Built-in http server and lighttpd as a reverse-proxy
To use lighttpd as a reverse-proxy and have faster results, you can use the built-in HTTP server plugin along with the following lighttpd configuration snippet:
$HTTP["host"] =~ "seeks.zat.im" {
proxy.server = ( "" => (( "host" => "127.0.0.1", "port" => 8080 ))
setenv.add-request-header = (
"Seeks-Remote-Location" => "http://seeks.zat.im"
)
)
}
You have to replace "seeks.zat.im" and the port of the proxy (8080).
SSL support version:
$HTTP["host"] == "seeks.sileht.net" {
$HTTP["scheme"] == "https" {
proxy.server = ( "" => ( ( "host" => "127.0.0.1", "port" => 8080 ) ) )
setenv.add-request-header = (
"Seeks-Remote-Location" => "https://seeks.sileht.net"
)
} else $HTTP["scheme"] == "http" {
proxy.server = ( "" => ( ( "host" => "127.0.0.1", "port" => 8080 ) ) )
setenv.add-request-header = (
"Seeks-Remote-Location" => "http://seeks.sileht.net"
)
}
}
You have to replace "seeks.sileht.net" and the port of the proxy (8080).
Built-in http server and apache as a reverse-proxy + SSL
You can use apache as a reverse proxy to your seeks built-in HTTP server plugin, listening on 127.0.0.1:8080. You need to activate some apache modules to work as a transparent proxy:
a2enmod proxy a2enmod proxy_http a2enmod headers a2enmod rewrite
And, if you want ssl support, you'll need the ssl module, and a valid ssl certificate.
a2enmod ssl
Then, create a file for the seeks' virtualhost (namely /etc/apache2/sites-available/seeks) and use this as a configuration file
<VirtualHost *:80>
ServerAdmin admin@domain.tld
ServerName seeks.domain.tld
RewriteEngine on
RewriteCond %{HTTPS} off
RewriteRule (.*) https://seeks.domain.tld%{REQUEST_URI} #no / at the end of the servername
</VirtualHost>
#And now, the SSL part stars below
<VirtualHost *:443>
ServerAdmin admin@domain.tld
ServerName seeks.domain.tld
SSLEngine on
SSLCertificateFile /etc/ssl/certs/seeks.domain.tld.pem # Use a valid cert
SSLCertificateKeyFile /etc/ssl/private/seeks.domaine.tld.key # And the associated key
RequestHeader add Seeks-Remote-Location "https://seeks.domain.tld"

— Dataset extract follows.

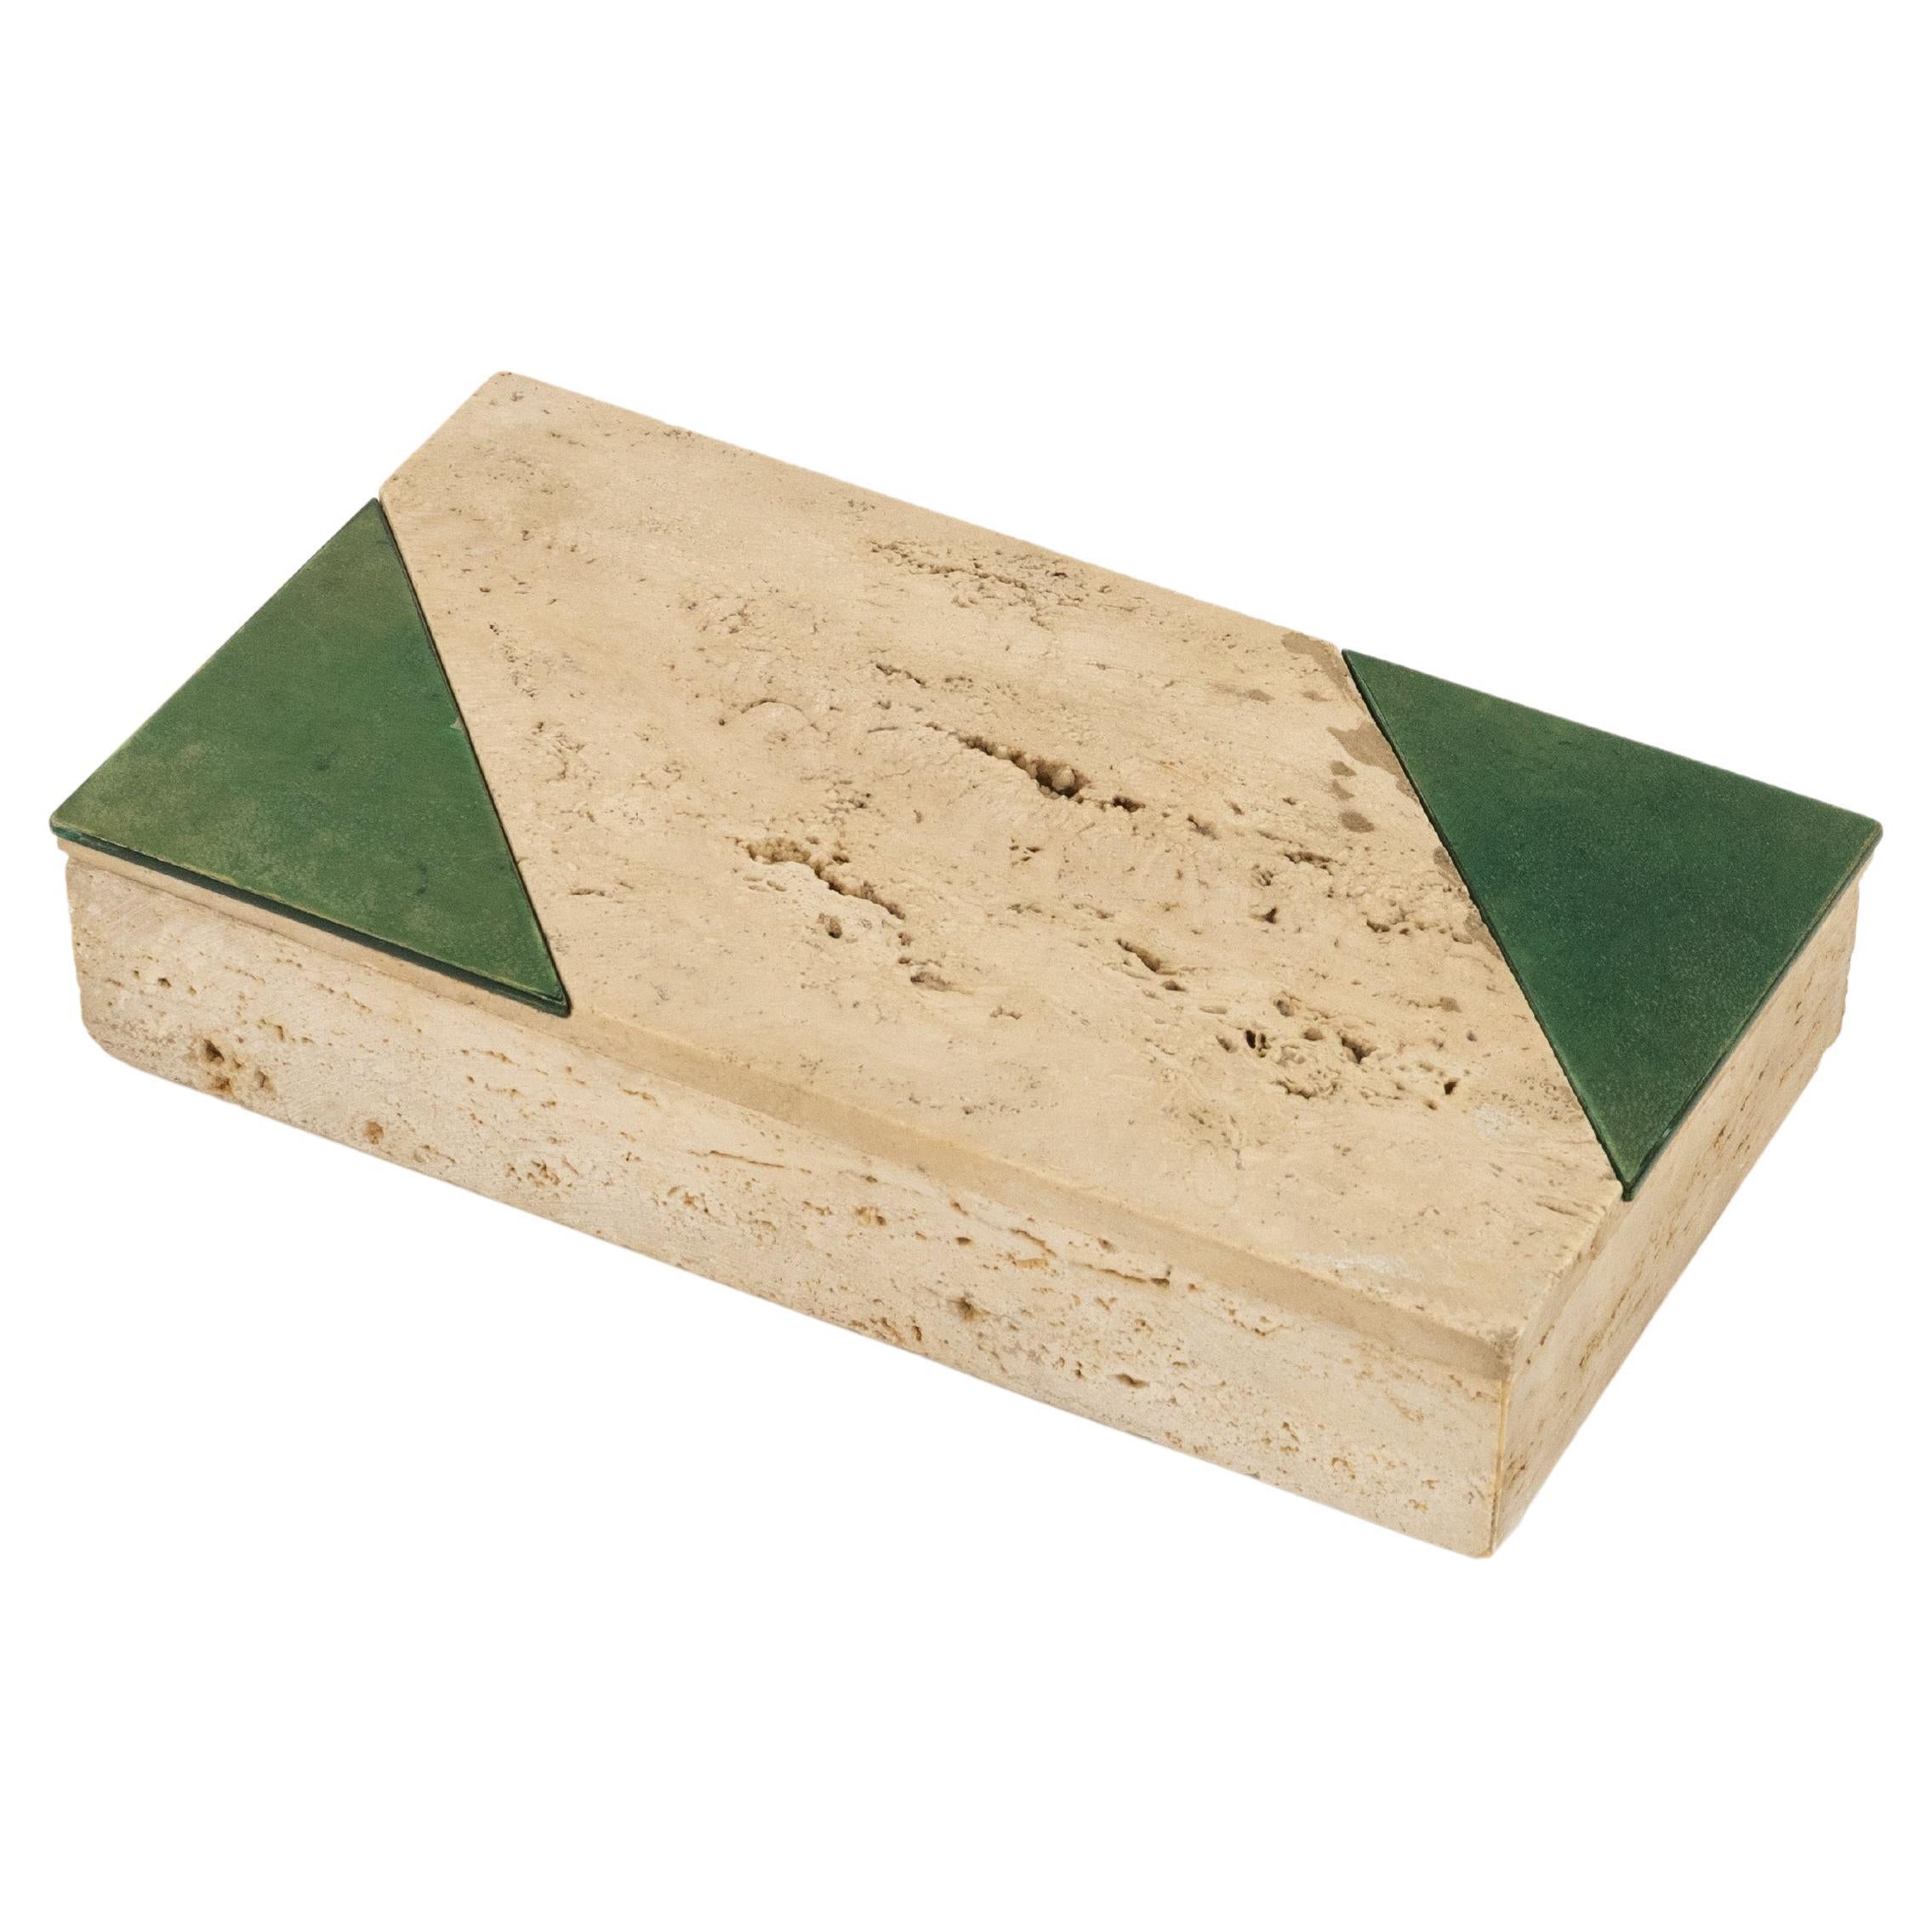 Rectangular Decorative Box in Travertine Fratelli Mannelli Style, Italy 1970s For Sale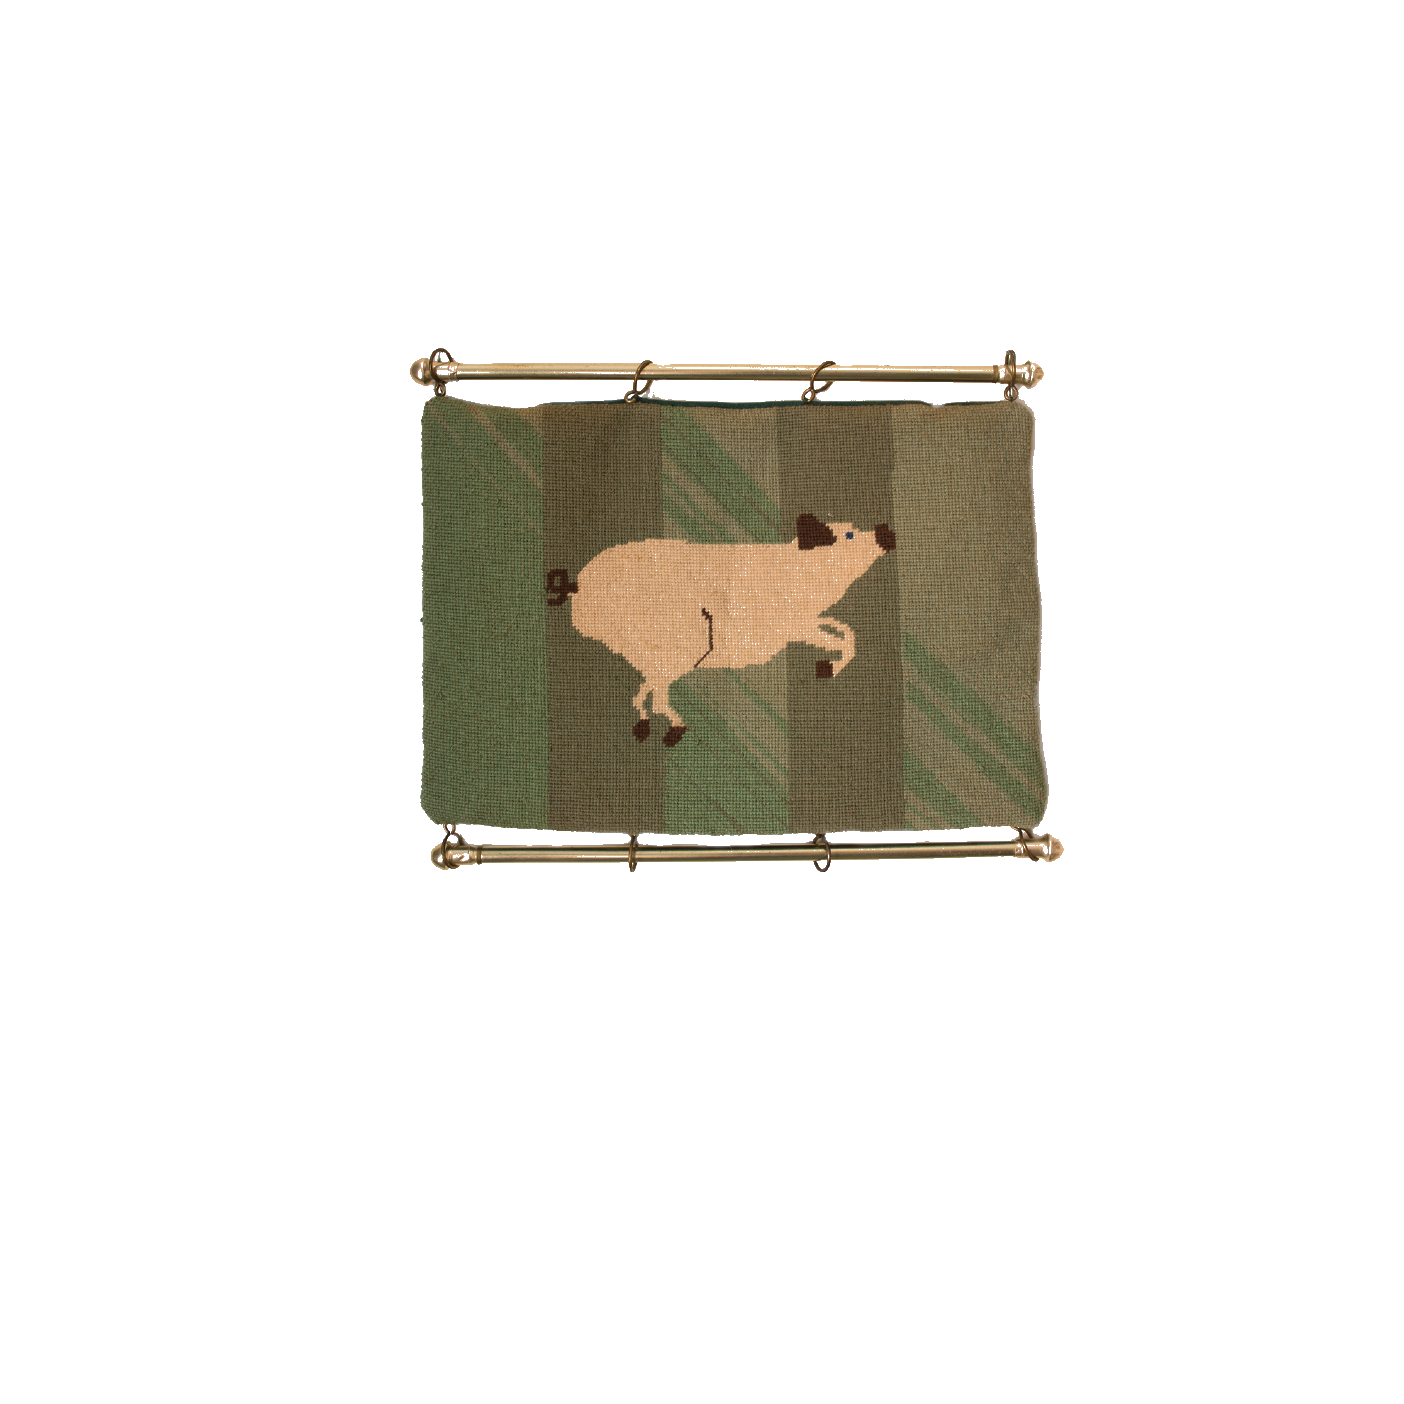 A green banner depicting a pink pig

ProxyRequests off # We do not ant to proxy queries
proxyPreserveHost on
ProxyPass / http://127.0.0.1:8080/ # So, redirecting the root of https://seeks.domain.tld/ to the http server embedded into seeks
ProxyPassReverse / http://127.0.0.1:8080/ # Same one for the reverse queries
DocumentRoot /path/to/your/seeks/src
<Location />
Order allow,deny
Allow from all
</Location>
ErrorLog /var/log/apache2/error.log
# Possible values include: debug, info, notice, warn, error, crit,
# alert, emerg.
LogLevel warn
# Don't want to log queries
CustomLog /dev/null defaults # Log nothing, except errors
</VirtualHost>
Then, don't forget to activate the site
a2ensite seeks
And to restart apache.
Set up an access control list for an open proxy
It is recommended you control who can use your external proxy if it is open for connection by outsiders.
To do so, modify the options permit-access and deny-access in the proxy configuration file (in the sources in src/config).
See the detailed configuration in the proxy config file itself.